**** Source records ****

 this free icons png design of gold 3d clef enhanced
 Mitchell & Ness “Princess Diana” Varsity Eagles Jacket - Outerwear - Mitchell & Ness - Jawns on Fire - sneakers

****
**** Source records ****

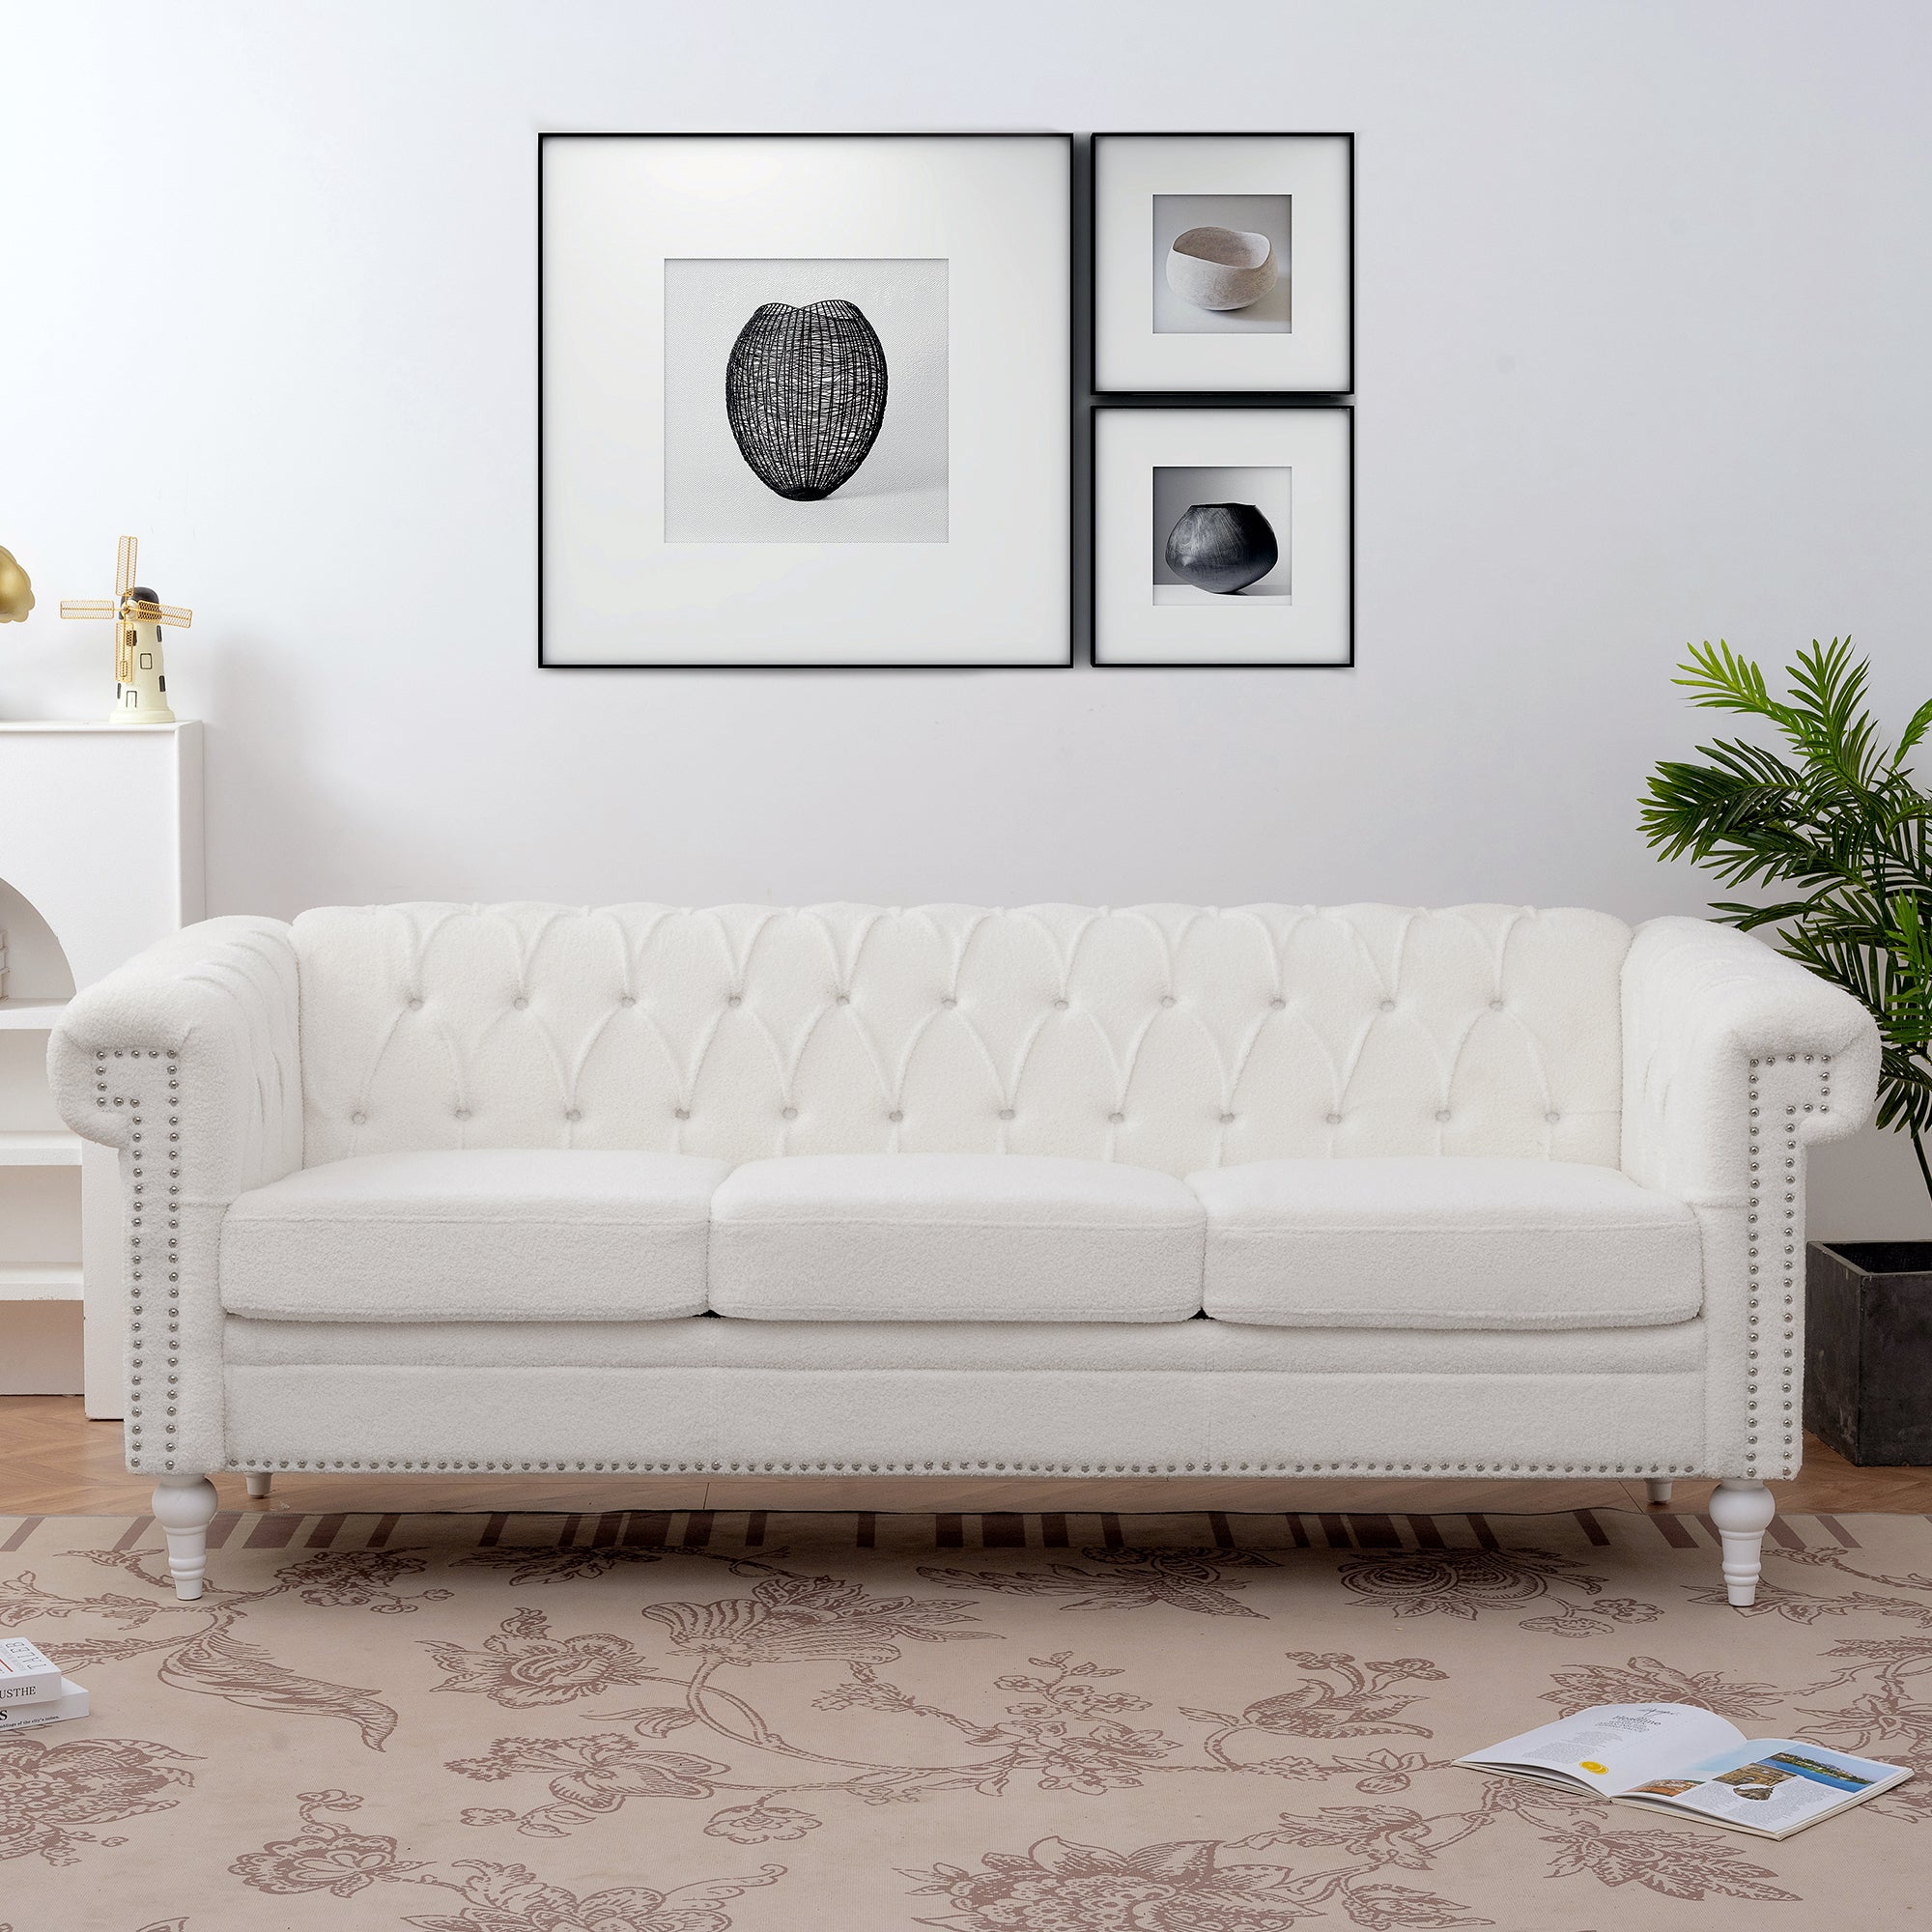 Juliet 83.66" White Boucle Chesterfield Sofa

****

_What the task requires_
What do the lines above say from the one containing "this free icons" down to the one containing "Fire - sneakers"? Return them exactly, both end lines included, and only them.

_Answer for the task_
 this free icons png design of gold 3d clef enhanced
 Mitchell & Ness “Princess Diana” Varsity Eagles Jacket - Outerwear - Mitchell & Ness - Jawns on Fire - sneakers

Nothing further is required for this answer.